Александр, третий день как поставивший трактор на ремонт, переспросил:
— Кузнецов опять здесь?
— Туточки, промеряют чего-сь. Робот кругом его вьется, директора нема…
— Это элементарно нечестно! — Анищенко, волнуясь, с силой пригладил и без того послушные, мягкие волосы. — Ну Почкин недаром Роботом зовется, а от Кузнецова я не ждал: воспользоваться отсутствием Головина. Все равно Трофим Иванович свое докажет, зря ты, Афоня, стараешься, быть тебе вместе с Кузнецовым битым.
— А я что? — пожал узкими плечами Афоня. — Мне наряд в зубы — и давай. Кузнецов что-то насчет собрания говорил, меня выспрашивал. Вы, говорит, Афанасий Демидыч, как думаете?
— Афанасий Демидыч? — Шамотько смешливо прикрыл усы ладонью. — Неужто так и сказал: Афанасий Демидыч? Який же вежливый людина, ай-ай…
— Хохол безмозглый! Кузнецов культурный человек, он любого уважит. А ты дубина неотесанная, знаешь свою баранку и верти.
— Хватит вам…
— У тебя же практического смысла ни на грош, — наступал Афоня, — дочку вон хочешь. А что девка? Чужой товар, дрожи потом, чтоб не притащила в подоле; сын — другой табак, если принесет, то в кармане.
— И чего вы, Афанасий Демидыч, теряетесь? — невозмутимо осведомился Шамотько. — Пора с Почкиным блат заиметь. У него, я бачу, давно думка директором стать. А тебя в заместители. Так?

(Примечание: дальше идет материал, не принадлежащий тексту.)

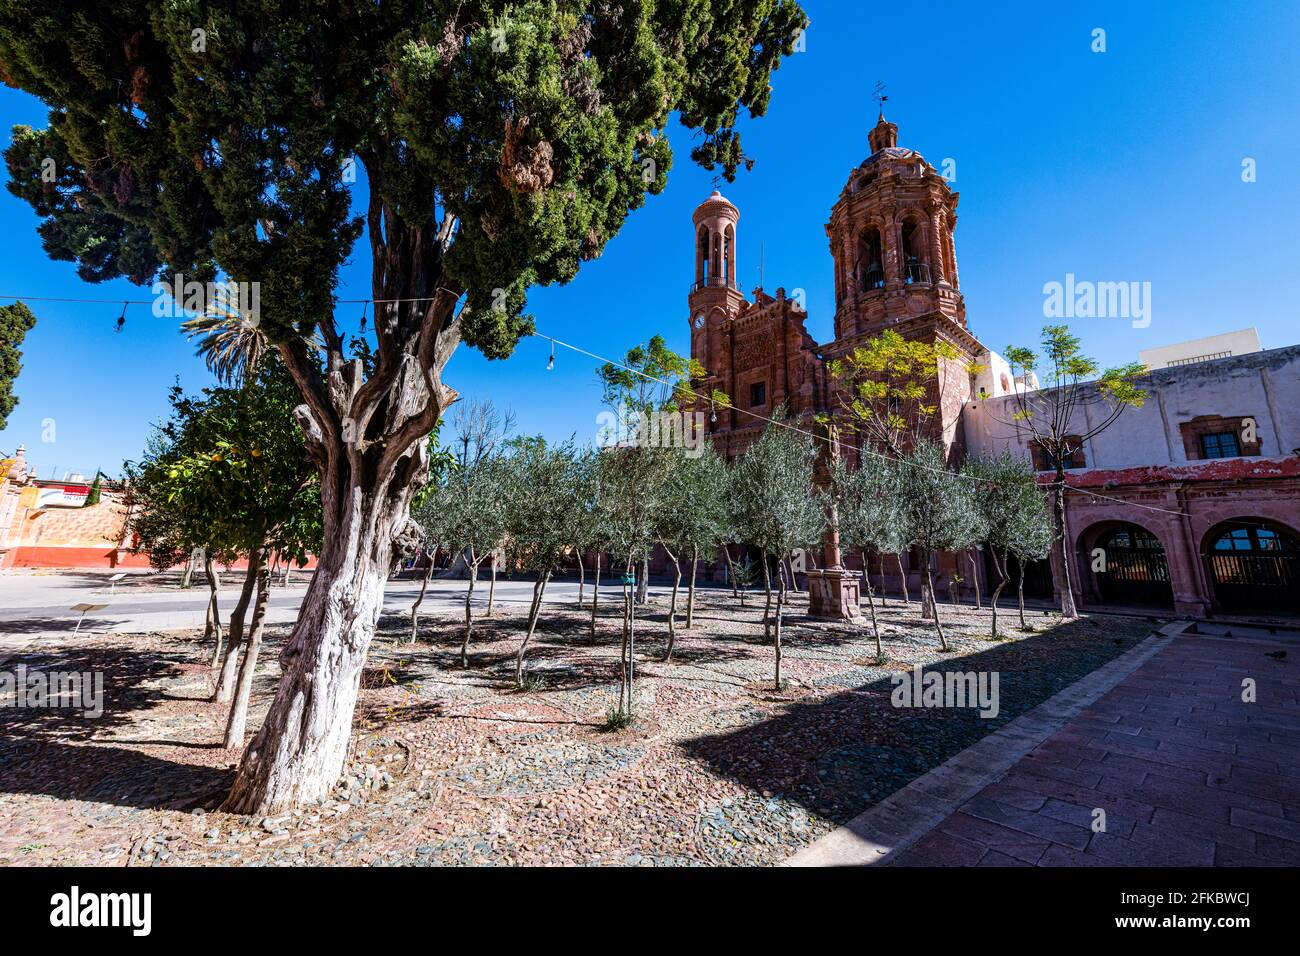 Monastère Franciscano de Nuestra Senora de Guadalupe, site classé au patrimoine mondial de l'UNESCO, Zacatecas, Mexique, Amérique du Nord Banque D'Images

Афоня не успел огрызнуться — все засмеялись; Анищенко, слегка захмелевший, с пунцовыми щеками, стукнул кружкой и сказал:
— К черту Робота! Новорожденному Александру, для девочек — Сашеньке, а для нас примерному товарищу и трактористу, кто что припас — выкладывай.
Освободили на столе место, раздвинули стаканы и банки. Анищенко нашел свое пальто, принес галстук и электрическую бритву в красивом футляре. Шамотько достал откуда-то с радостной ухмылкой целую связку детских сосок, книги, набор гаечных ключей и отверток, губную гармошку в инкрустированном футляре. Афоня Холостяк деловито отвернул полу пиджака, извлек какой-то пакет, опрокинул его над столом, и на кучу подарков, звеня и переливаясь, хлынула струя мелочи. Иван Шамотько попробовал одну из монет на зуб, шевеля ноздрями, свирепо уставился на Афоню.
— Ребята, да це ж фальшивая монета!
Афоню подхватили на руки и, как он ни дергал ногами и ни кричал, протестуя, выставили за дверь; он тут же вернулся и с таинственным видом сообщил:
— Хлопцы! Тш-ш! Послушайте, за нами тут слежка, баб кругом полно…
— Ну…
— Провались я на этом месте!
Заслоняясь от света, Анищенко и Афоня прильнули к окнам, Александр остался у стола, сидел, сгорбившись, рядом с Шамотько и смотрел на пламя чадящих свечей, на шевелящиеся на стенах уродливые и большие тени. Косачев предложил было пригласить женщин, но на него дружно зашикали, и Афоня стал деловито завешивать окна. Было весело и неуютно; Александра сейчас раздражал шум, наспех, неумело собранный стол, раньше день рождения они всегда отмечали с матерью, с нею был дом, очаг; выходя на улицу, о нем не думаешь, но к нему всегда возвращаешься, чтобы согреться, а теперь были лишь пустые холодные стены. Возвращаясь с работы, он, не раздеваясь, садился на табурет матери в кухне, а потом уходил к ребятам в общежитие; на днях ему приснился неясный незнакомый город, горбатые, мощенные булыжником улицы, развалины зданий, взрывы, искаженное болью лицо матери. Все мелькнуло и исчезло — он проснулся, только часто билось сердце. Когда-то это было, он не сомневался, но когда, где? Спросить было не у кого, после смерти матери он сразу почувствовал, что почти ничего не знает о ней. Ослабевший от нервного сна и от смутной тоски, он лежал в постели и вспомнил, как шел по глубокому снегу к кладбищу и какой был жестокий мороз, звонкое стеклянное небо и пустота в голове. Деревянный памятник на могиле был занесен снегом — сиротливо чернела затесанная, залитая застывшей смолой верхушка, и он долго слезившимися от морозного ветра глазами глядел на нее, им владело странное чувство недоверия и нереальности.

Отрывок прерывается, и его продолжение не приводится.